Washing floors? And what else was the frail rebbe doing against the doctor’s orders? “Don’t worry,” he said to the old woman. “I will contact the Daughters of Rebecca Kindness Hotline. Someone will be found.”
But now the saxophonist was beseeching him, “Can’t I come in? The rebbe loves to hear me play for him. Can’t you make an exception?”
Isaac sorrowfully regarded the Jesus look-alike in his fringed vest. “Forgive me, no, but I’ll tell you what.” He motioned with his forefinger, and the man, shlepping his saxophone, followed him off the stone plaza to a more secluded dirt area that skirted the rebbe’s cottage. The scent of chicken soup hit Isaac’s nostrils. Once a day, the rebbe’s wife made a huge potful. Maybe later he would take a bowl for himself. He pointed to a shuttered window. “The rebbe’s bedroom,” he told the musician. “You can play a little niggun for him here.”
And the saxophonist was appeased.
With a pad in hand, Isaac went from person to person, listening to and writing down everyone’s troubles while the saxophonist softly played, “Bei Mir Bistu Sheyn.”
An hour later, when the rebbe woke up from his nap, Isaac approached him, pad in hand. Isaac relayed the questions and scribbled down answers. But what to do about two brides in two different neighborhoods of Jerusalem who dreamed the same dream, that they should call off their weddings? What did the rebbe advise here? One the rebbe encouraged to go ahead with the wedding, the other he told to cancel without ever looking back.
Midday, a scent of fresh cilantro wafted through the courtyard. Mazal the beggar was packing fried eggplant, slices of hard-boiled egg, and cilantro into a fresh pita. Next she drizzled mango sauce on top, and Isaac watched, compelled, as her ravaged, yellowed teeth dug into the pita.

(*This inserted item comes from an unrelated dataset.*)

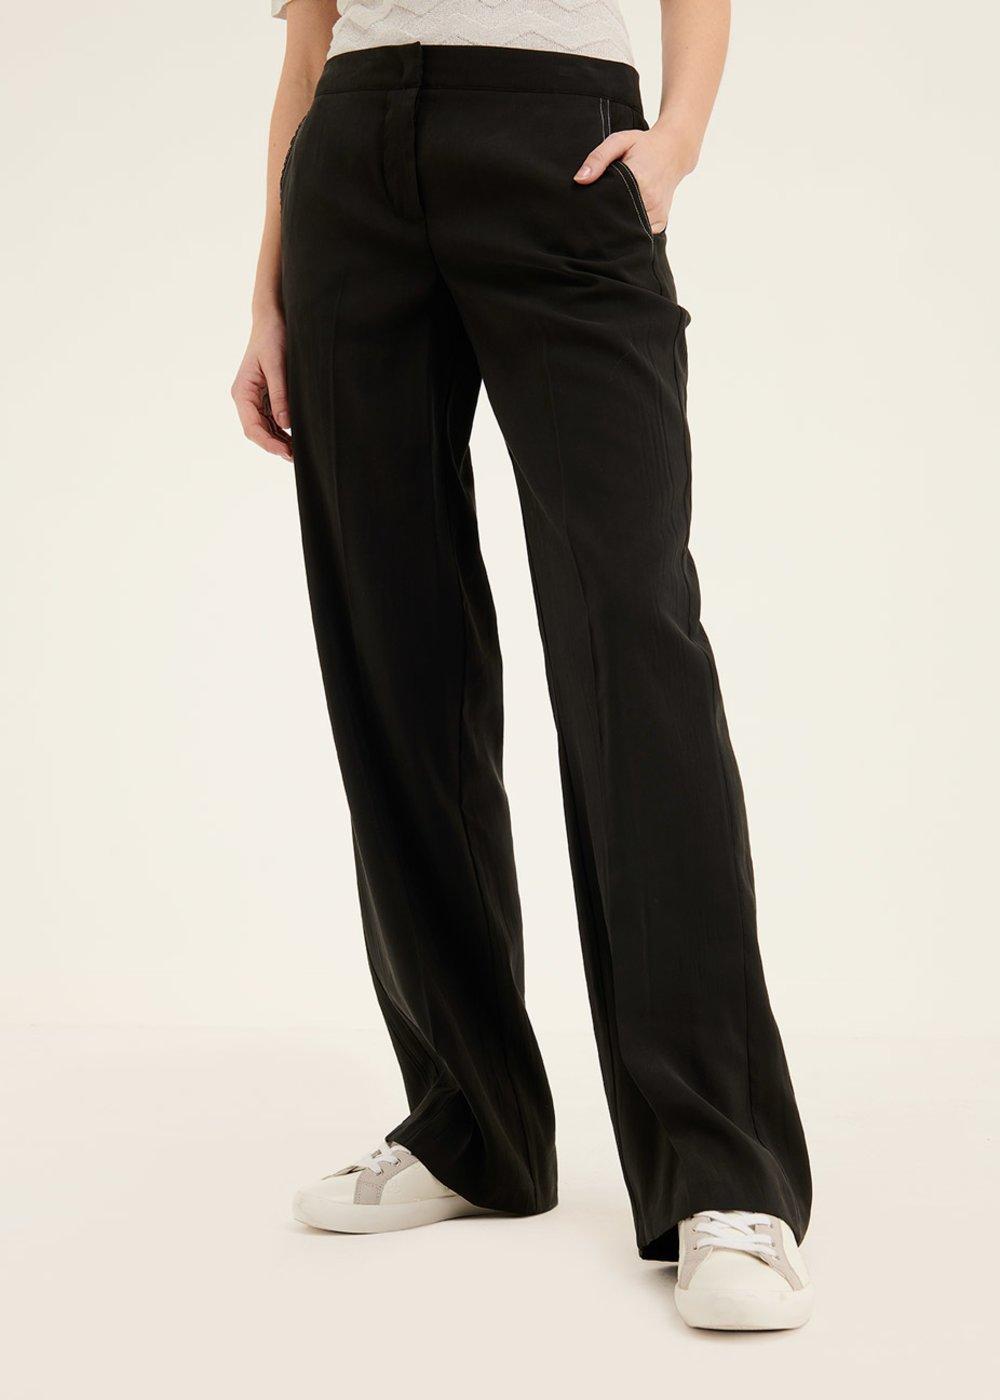 Paride peach skin effect trousers - Black - Woman

And what if someone brought a three-course meal to the courtyard? Should he permit this, too? He shrugged. Some even came with their laundry to fold while they waited. In fact, there near the rosemary bushes he saw a lady sorting socks. Well, he supposed people couldn’t recite psalms all day while they waited.
He extracted a comically sinister Haman mask and a sheet of newspaper caught in a bush. The mask, he tucked under his arm. He glanced down at the newspaper and read: “If Labor wins the upcoming election, there goes the Temple Mount.” He clopped his forehead. What fool of a political party would give back the holy Temple Mount? It was the heart of the Jewish people! His eczematic elbow started to spark and flare. Not so fast, he muttered, scratching hard at it. Surely God had some say in the matter.

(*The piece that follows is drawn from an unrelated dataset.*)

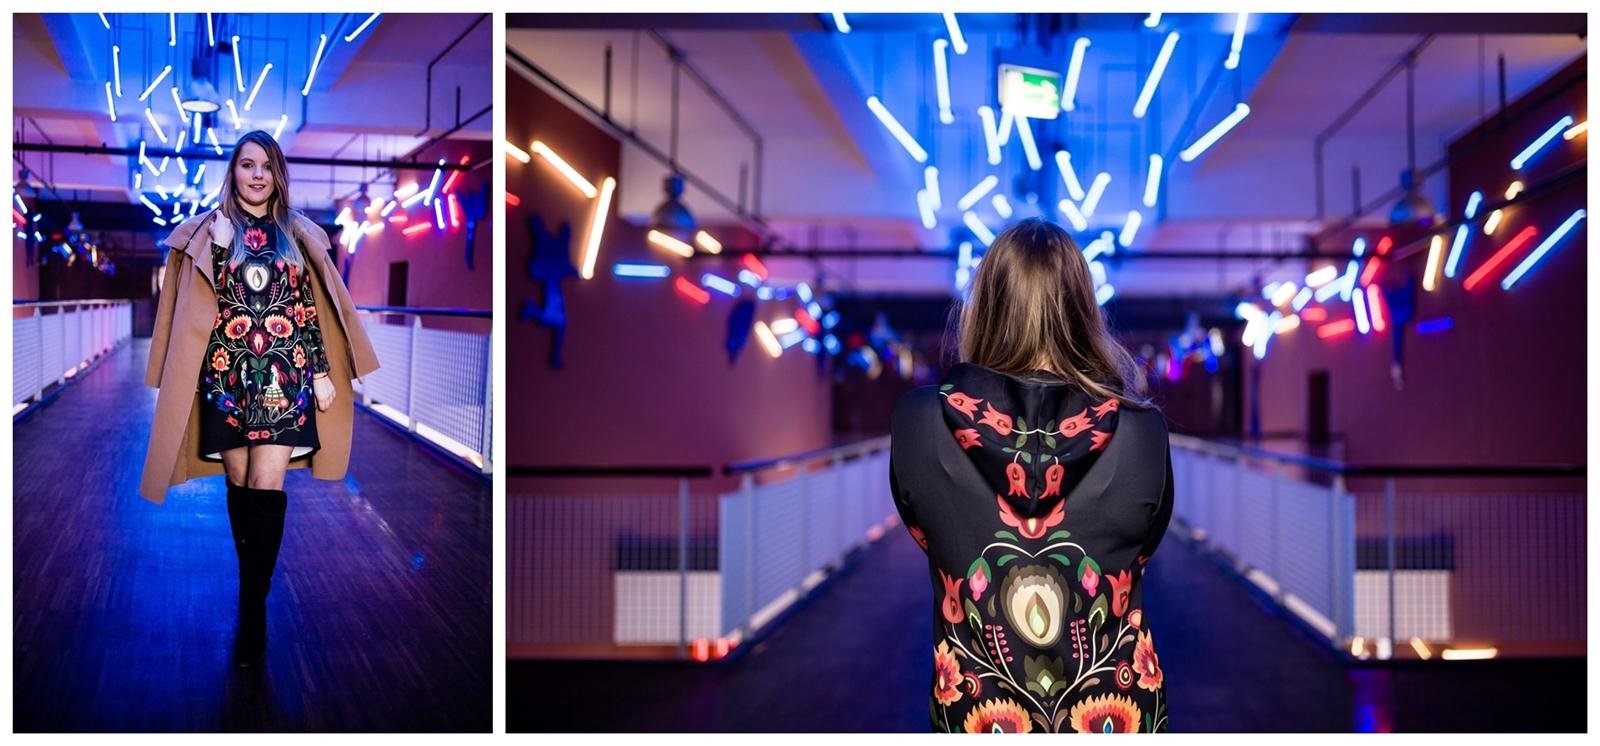 8 folk by koko recenzje opinie jakość sukienka bluza z motywem łowickim kodra folkowe ubrania motywy eleganckie folkowe dodatki kodra łowicka góralskie róże stylizacja polska blogerka łódź moda melodylaniella

Both the mask and the newspaper went into the garbage. Ach, the whole country was a mess, and he stooped to pick up a cellophane flap moving fitfully around the courtyard.
More people came. Homemakers, unemployed Israelis, yeshiva students, a concert pianist who hiccupped excessively and couldn’t play anymore, a couple from Uruguay—a lichen expert and a botanist—with marriage problems, two obese quarreling neighbors. Isaac explained to disgruntled customers that the protocol had changed, that now everyone had to go through him to talk to the rebbe. Their distress was huge. He couldn’t blame them. He was used to escorting confused, sad, incensed, or scared people into the cottage, one by one, and then watching them emerge from the rebbe’s studio ten, fifteen, twenty minutes later with faces looking like some freshly peeled hard-boiled egg. Clean. Clarified, somehow. And now, all they were getting was a few words from the rebbe read out loud from the assistant’s notepad? So he commiserated, he definitely did.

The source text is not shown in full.